Information provided:

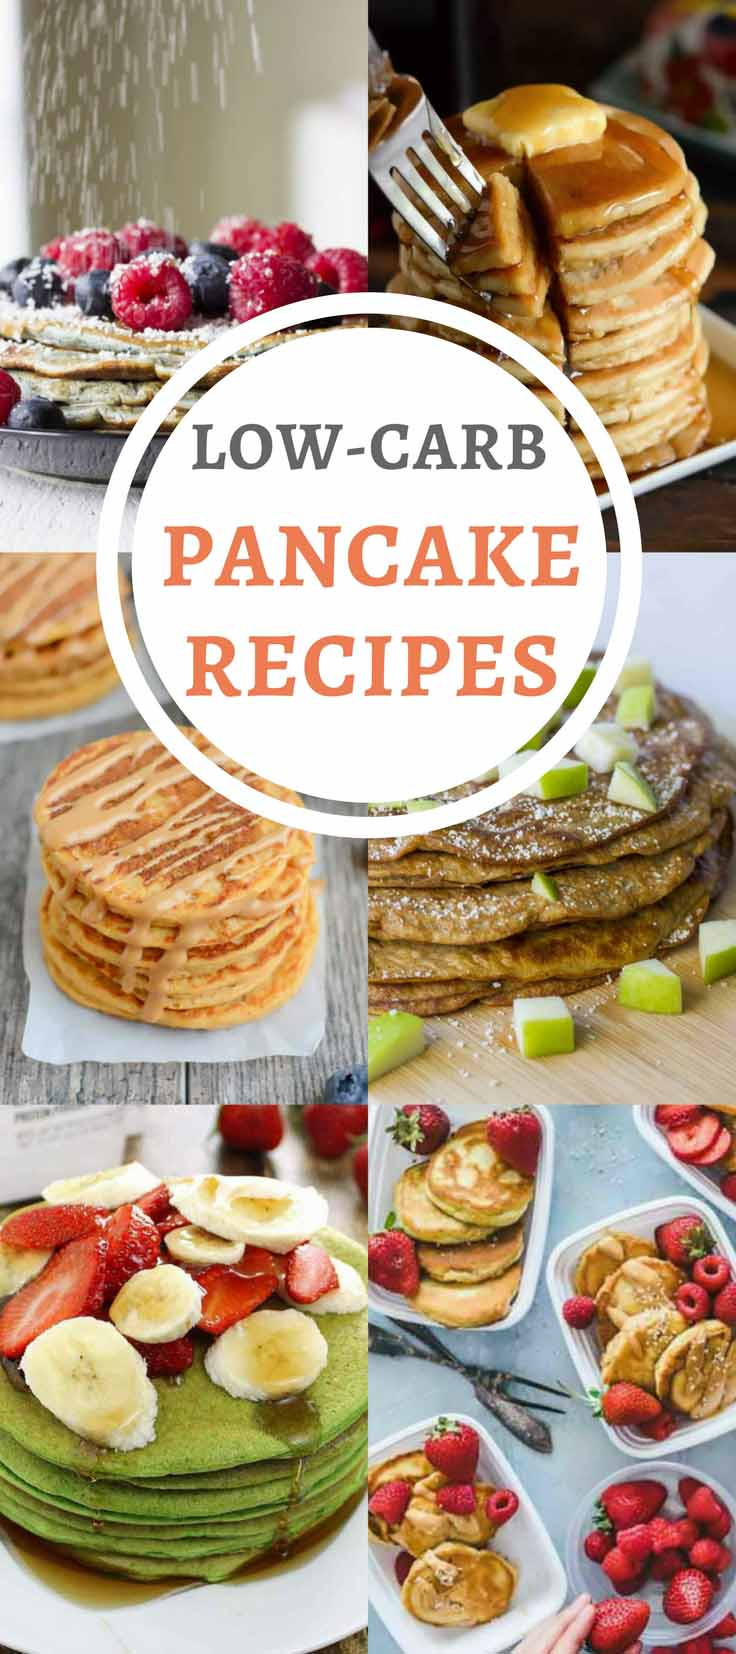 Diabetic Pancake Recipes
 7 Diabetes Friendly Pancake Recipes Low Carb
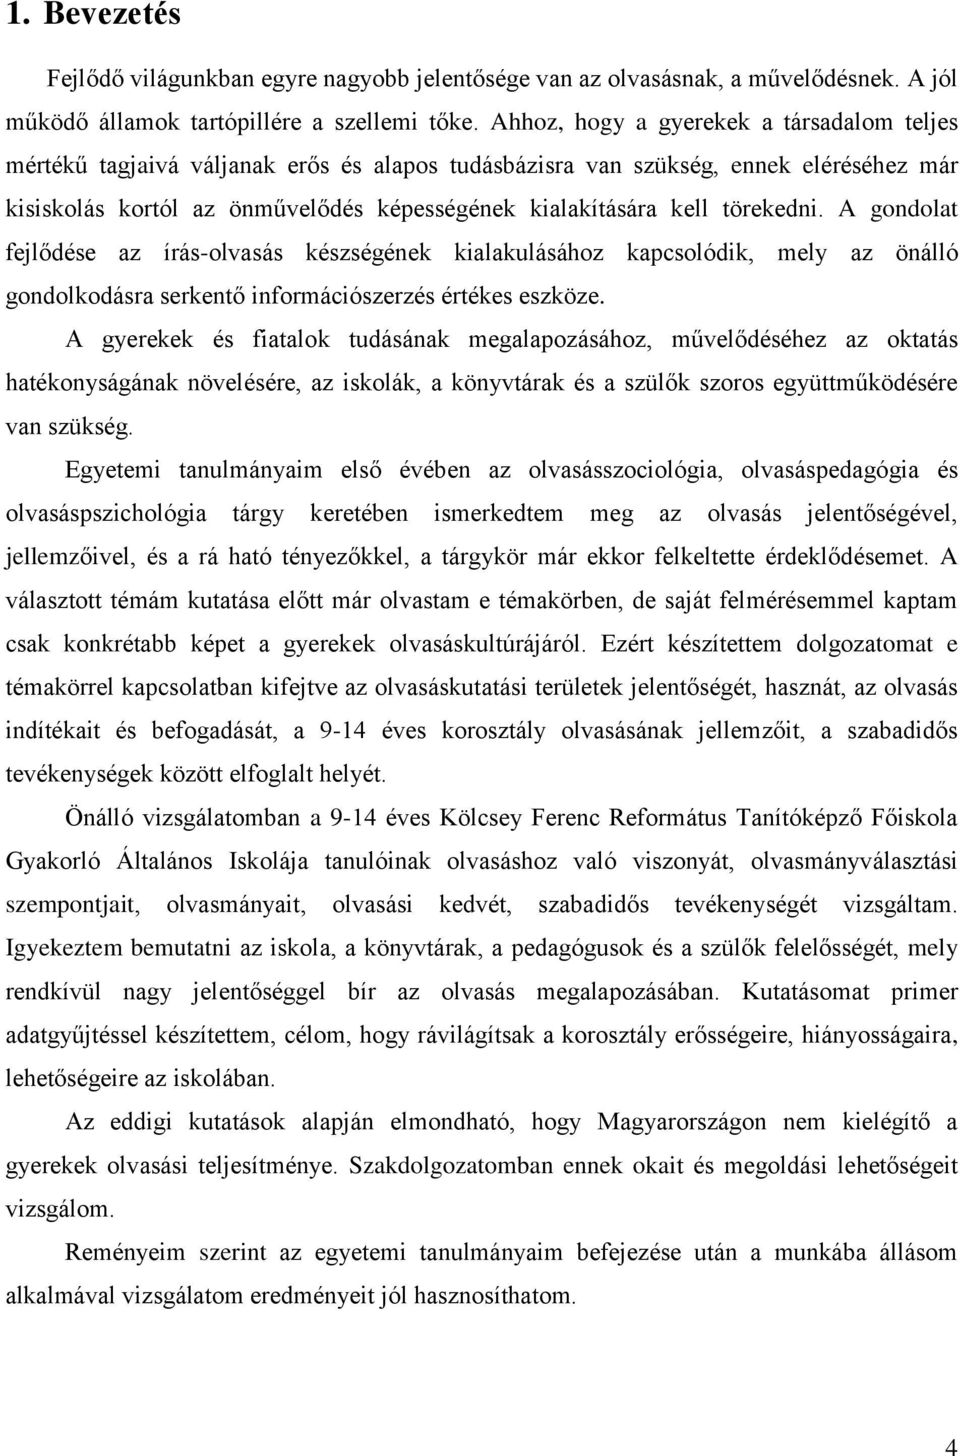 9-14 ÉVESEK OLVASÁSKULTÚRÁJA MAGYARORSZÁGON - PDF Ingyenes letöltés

Your objective:
Print the whole listing above once more, word for word, without its pictures.

Solution for this task:
 Diabetic Pancake Recipes
 7 Diabetes Friendly Pancake Recipes Low Carb
 9-14 ÉVESEK OLVASÁSKULTÚRÁJA MAGYARORSZÁGON - PDF Ingyenes letöltés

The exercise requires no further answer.